Notice that you append both the user message and the assistant's reply. If you only stored user turns, the bot would lose its own answers and contradict itself. This list-based approach is everything memory really is. The catch is that the list grows forever, and every model has a limit on how much text it can read at once. When a long chat eventually hits that wall you will see a context-length error; Fix the Context-Length-Exceeded Error in Python shows how to trim or summarise old turns. For production-grade strategies like storing history in a database keyed by session, see Add Memory to a Python Chatbot.
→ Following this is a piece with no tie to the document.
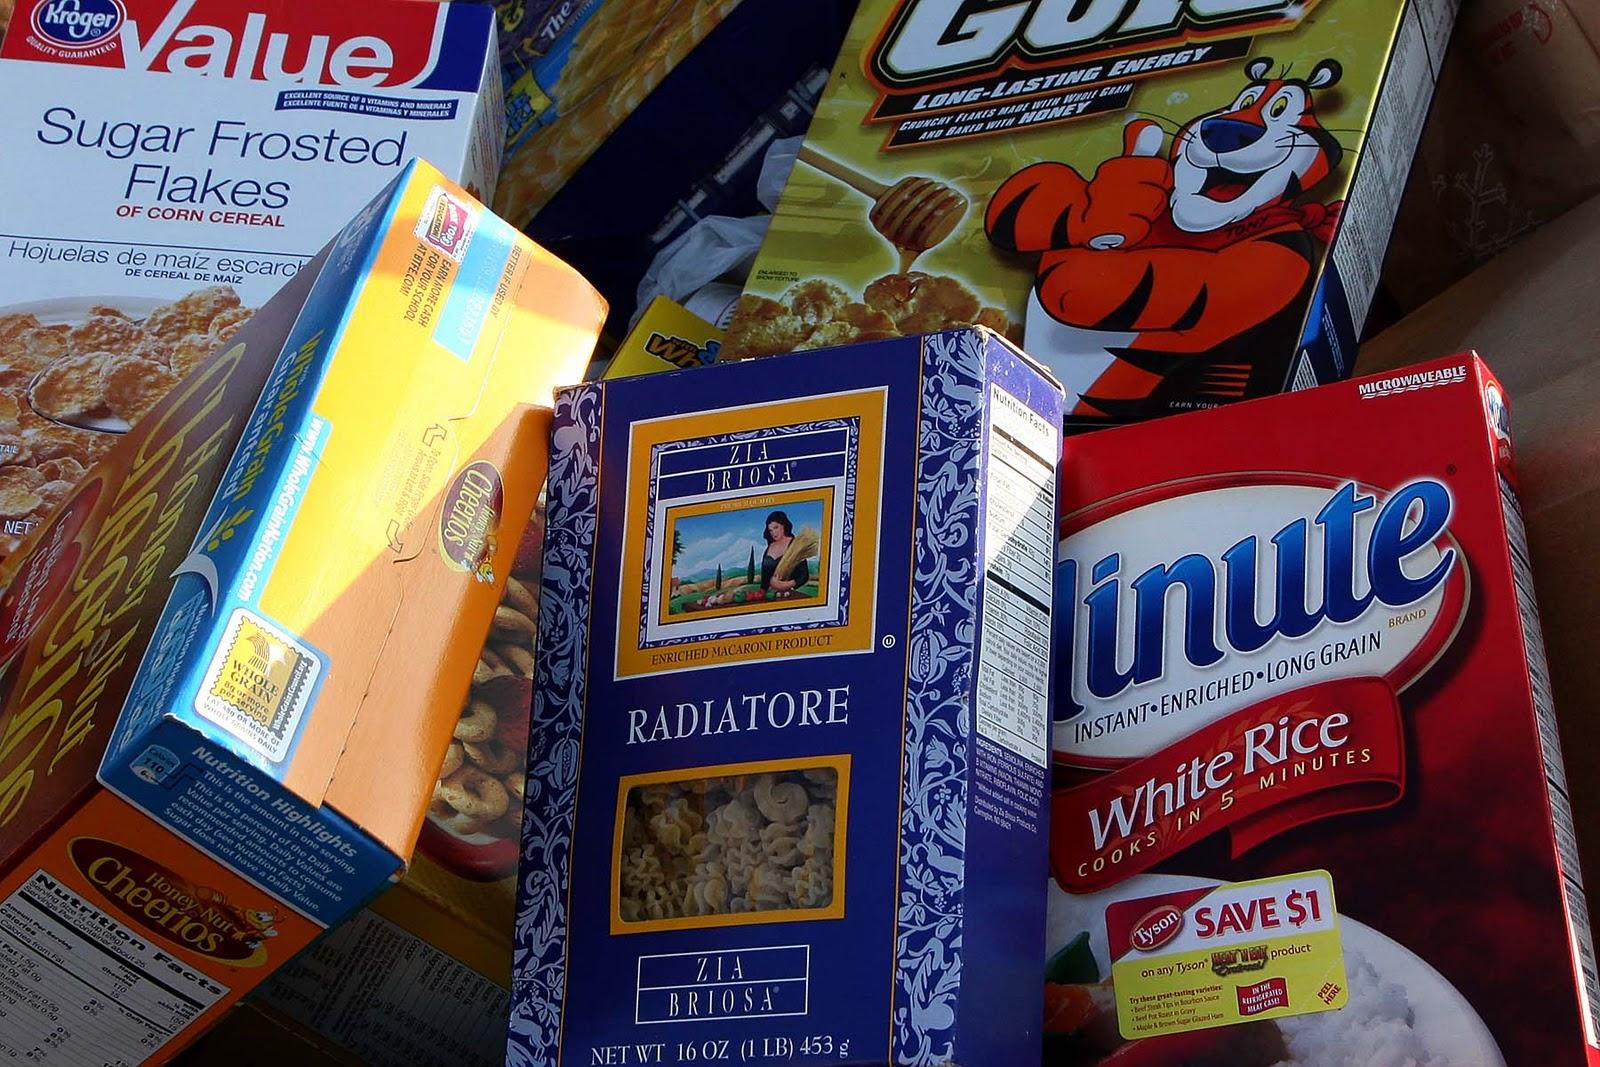 Hunger 101 Az Tempe Az Residents Food Resources Listing

Step 3: Ground answers in your own data with retrieval

A general model knows nothing about your return policy or your product catalogue, and it will happily invent an answer rather than admit it. Retrieval fixes this. Before answering, you find the snippets of your own documents most relevant to the question and paste them into the prompt as context. This pattern is called RAG — Retrieval-Augmented Generation.

The matching step uses embeddings: numeric fingerprints of text where similar meanings sit close together in mathematical space. The phrase "kids' helmet colours" and the sentence "Kids' helmets come in red, blue, and matte black" produce vectors that point in nearly the same direction, even though they share few exact words. That is the magic — embeddings match on meaning, not keywords, so a customer does not have to phrase their question exactly the way your document is written.

The workflow is three steps: embed your documents once and keep the vectors, embed the user's question at query time, then measure which document vectors point most nearly the same way as the question vector. Here is a minimal, dependency-light version using numpy for the similarity maths so you can see exactly what happens with no framework hiding the logic.

import os
import numpy as np
from dotenv import load_dotenv
from openai import OpenAI

load_dotenv()
client = OpenAI()
EMBED_MODEL = os.getenv("EMBED_MODEL", "text-embedding-3-small")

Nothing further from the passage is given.